We have an application where we read a huge volume of small messages
from ZMQ sockets and distribute them to Erlang processes.  We are
seeing strange behavior where, after a short while, beam.smp's load
drops quite a bit and then the data begins queuing, eating memory
until we either stop the program or the Linux OOM killer does it for
us.

DETAILS
-------
CentOS release 6.6 (Final)
Erlang/OTP 17 [erts-6.4] [source-2e19e2f] [64-bit] [smp:56:56] [async-threads:20] [hipe] [kernel-poll:true]

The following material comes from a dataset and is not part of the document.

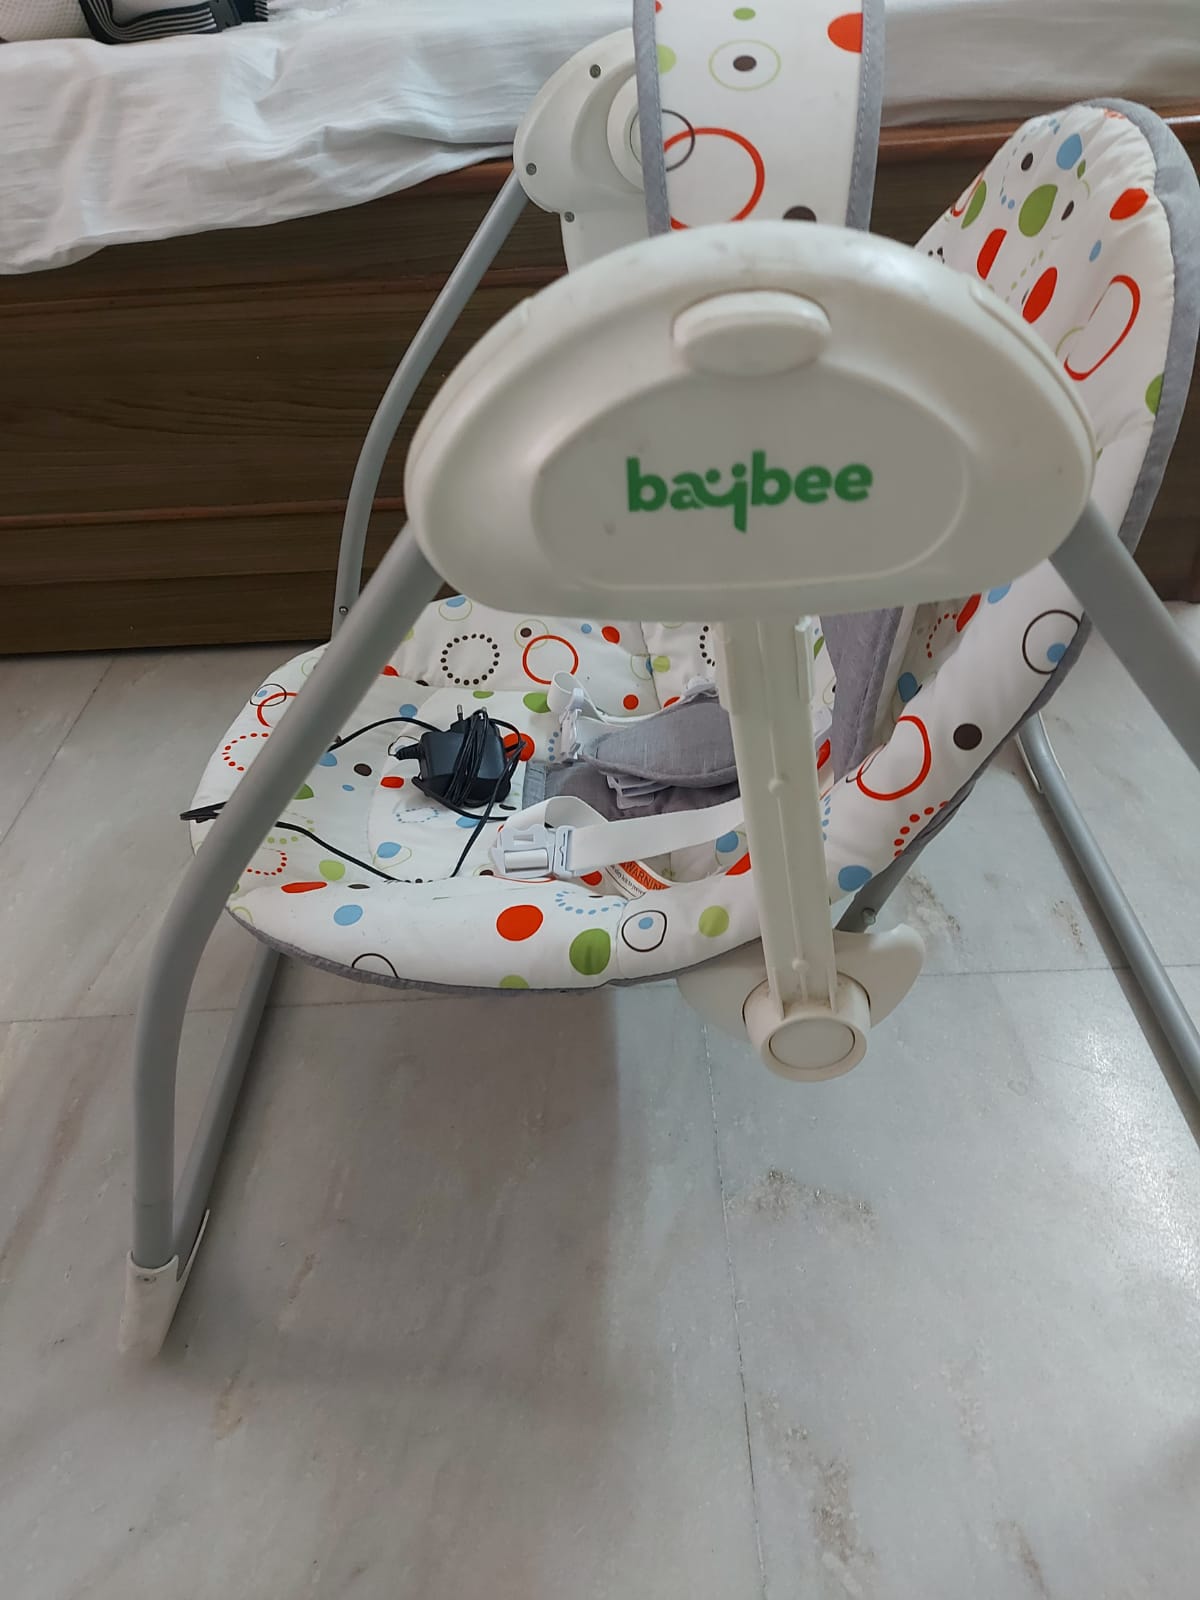 Baybee Automatic Electric Baby Swing electric cradle – Baybee India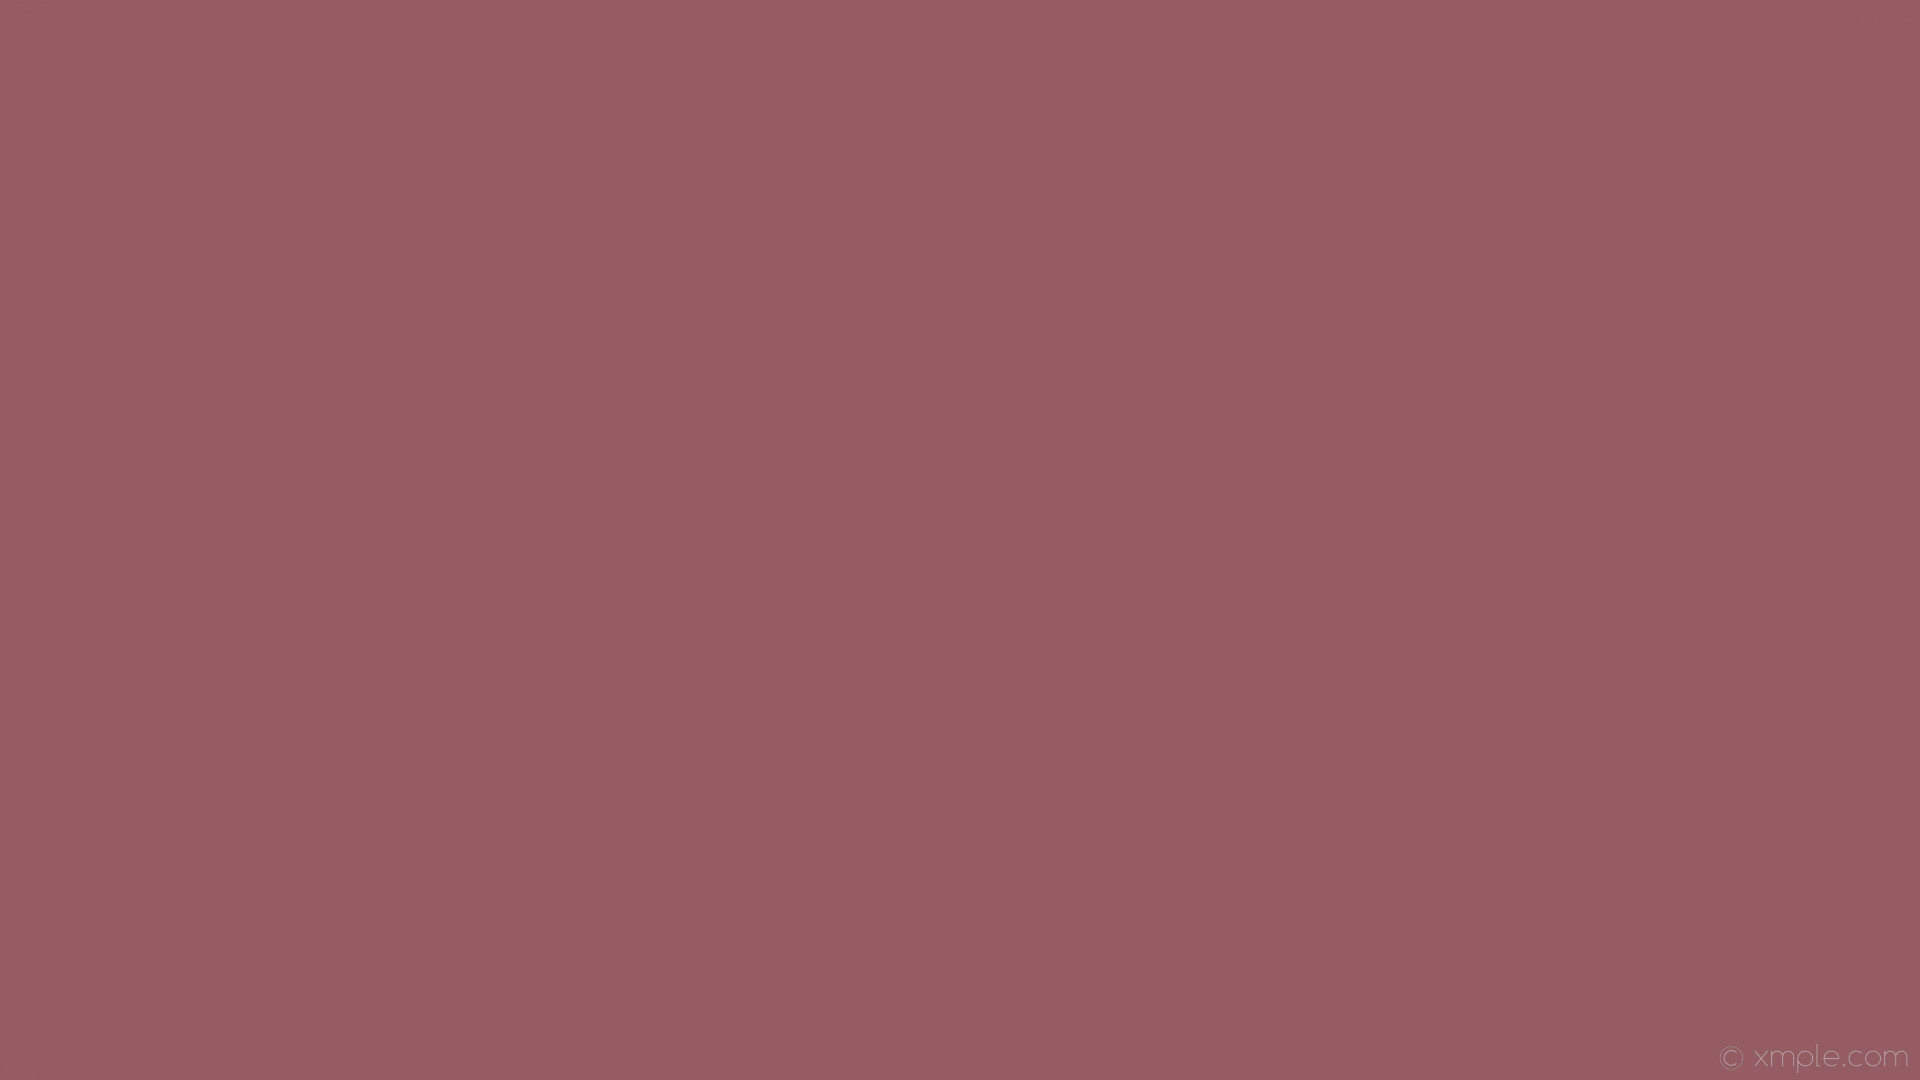 1920x1080 wallpaper plain red solid color one colour single #955c63

beam.smp is started with the flags: +sbt db +sub true

We have 60+ data sources (TCP/ZMQ sockets), each of which feeds an
independent set of processes; there is no interaction between the
processes handling the data from one socket and the processes handling
data from other sockets.

Our first implementation used the erlzmq2 library to read the socket.
We then parsed the messages in Erlang and sent Erlang terms to the
data handling processes.

After seeing the problem behavior we suspected that the repeated calls
to erlzmq:recv() and parsing in Erlang might be the cause of the
backup so we rewrote that code as a NIF (background thread + several
API calls).  Our NIF implementation reads the ZMQ socket, parses the
data and then sends it to the data handling processes.  We (obviously,
I suppose) create one of these background threads for each of the 60+
data source sockets.

Despite the entirely different implementation of ZMQ handling, parsing
and dispatch of the data, we are seeing the same issue: first the load
drops off precipitously and then the data starts queuing in the ZMQ
socket buffers and the program is unusable.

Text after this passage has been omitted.